Now I am so glad that I can fully go back to sys.xml hackings.
Yesterday I started to write RELAX NG grammar inference. I hope this design won't **** you.
Just voted my first 5 on this very important bug that shows W3C standard conformance breakage.
Such XPathNavigator instance could be kept in memory only for such a stylesheet that contains document("")document() (it could be done in static analysis). So the reason of "by design" does not make sense.
Real developers could just implement standard-conformant implementation in easy way, instead of using casuistry on whether it is conformant or not, which just result in imposing annoyance on real users.
On the suggestion on "infer elements always globally", Am getting positive feeling from Microsoft XML guys via the feedback center.
On the other hand, am getting negative response for the suggestion on XmlSchemaSimpleType.ParseValue() which validates string considering facets. But I believe that XML Schema based developers will be absolutely appreciated by that feature.
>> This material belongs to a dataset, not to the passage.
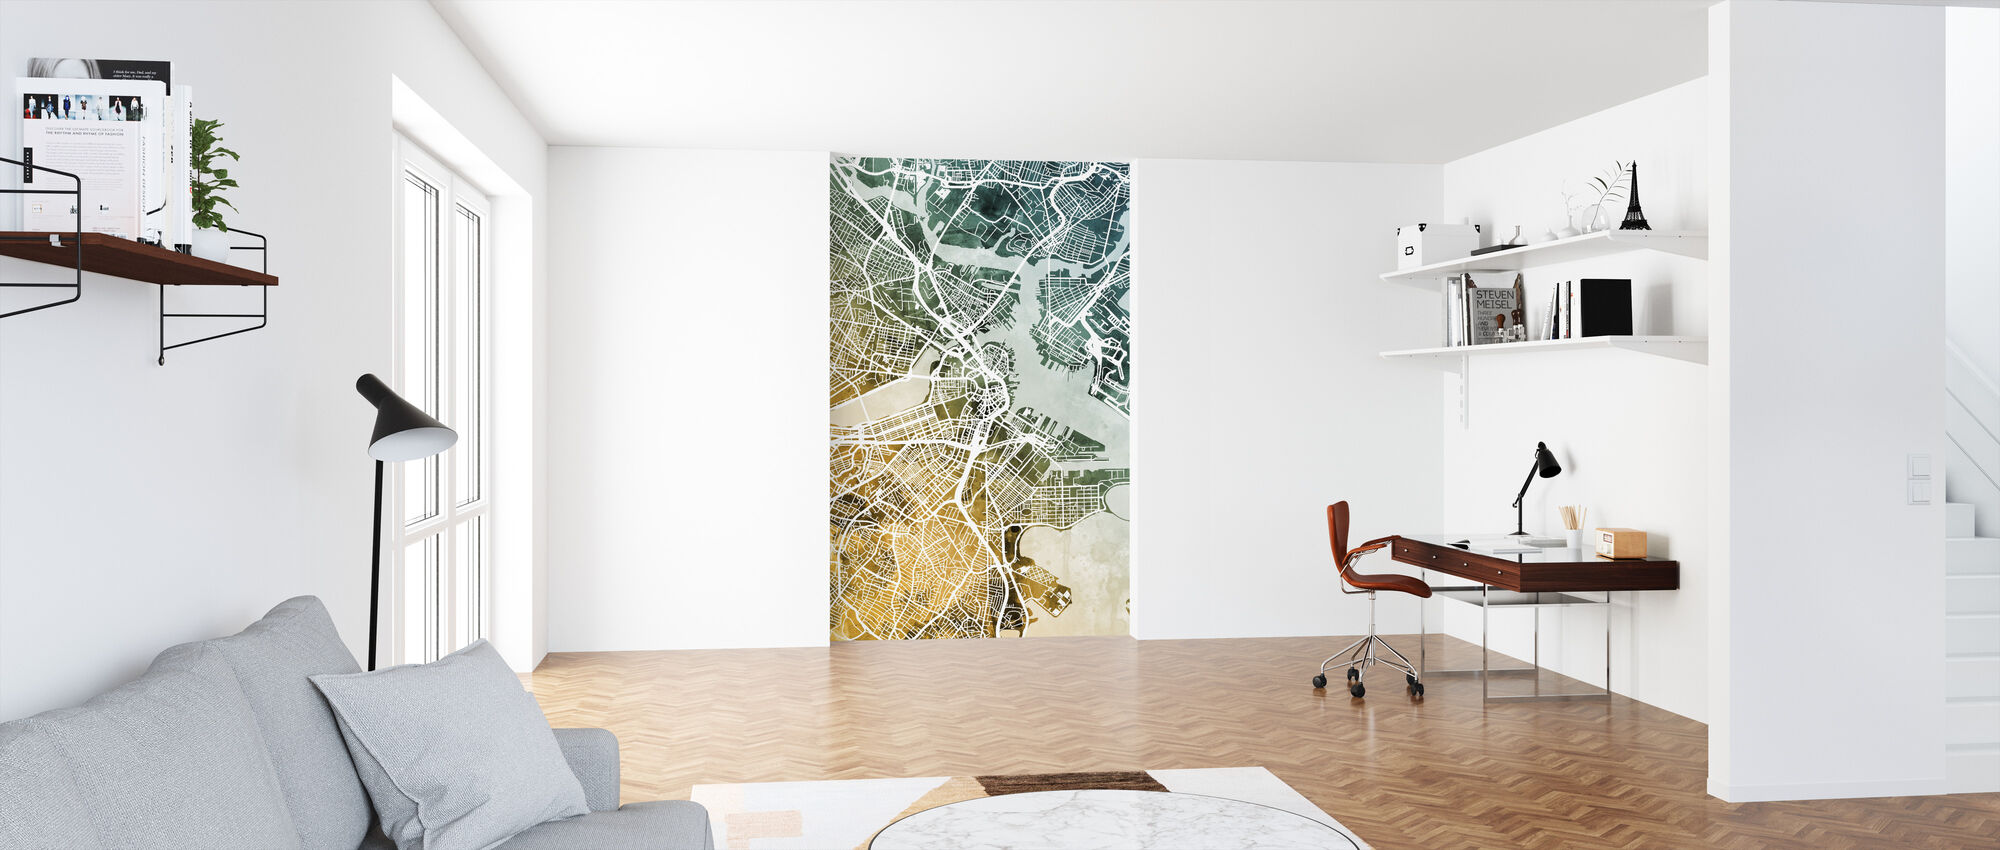 Boston Massachusetts Street Map - Wallpaper - Office

For example, it will be mandatory for XQP project that must support user-defined type constructor defined in the section 5 of W3C XQuery Functions and Operators specification. Microsoft guys might want to help your development.
It depends on you, XML developers, whether Microsoft will improve their library or not. We could provide our own advantages, but it would be still better that your advanced code will run on MS.NET too.
(FYI: You can "vote" for the suggestions ;-)
I've 90% finished XmlSchemaInference. I implemented it only because .NET 2.0 contains it.
XmlSchemaInference is very useful. For example, if you have such document like:
It creates two different definition of "product" elements. Here is the infered schema and generated serializable class.
So now I wonder if I had better port the same feature to Commons.Xml.Relaxng. RELAX NG is not so sucky than XML Schema, so I might be able to provide better XML structure inference engine. But XML structure inference itself is not so fun.
... after some thoughts, I decided to enter a new suggestion to MS feedback center which seems working again recently.
I found that the Last Call working draft of xml:id was out. But I think xml:id will be incompatible with Canonical XML (xml-c14n). Below is an excerpt from 2.4 Document Subsets in xml-c14n W3C REC:
The processing of an element node E MUST be modified slightly when an XPath node-set is given as input and the element's parent is omitted from the node-set. The method for processing the attribute axis of an element E in the node-set is enhanced. All element nodes along E's ancestor axis are examined for nearest occurrences of attributes in the xml namespace, such as xml:lang and xml:space (whether or not they are in the node-set). From this list of attributes, remove any that are in E's attribute axis (whether or not they are in the node-set). Then, lexicographically merge this attribute list with the nodes of E's attribute axis that are in the node-set. The result of visiting the attribute axis is computed by processing the attribute nodes in this merged attribute list.
Well, I don't think xml:id is wrong here. It is xml-c14n that is based on non-committed premises that all xml:* attributes must be inherited (yes, xml:lang, xml:space and xml:base were). Anyways, don't worry about that incompatibility. Canonical XML is already incompatible with XML Infoset with related to namespace information items.

Many of my friends have been saying that they feel sorry for Rupert that he does not have any more clothes in this cold season. Today I was hanging around Shibuya (central Tokyo area) with my friends, and they were so kind to buy a new one for him (from my budget). Now he looks younger than before.
I was escaping from /doc stuff and looking into xsd inference task (I cannot stand working only on that annoying task). I wrote some notes but incomplete. Apparently the most difficult area is particle inference, but right now not so many ideas. My current idea is to support non-XmlSchema language.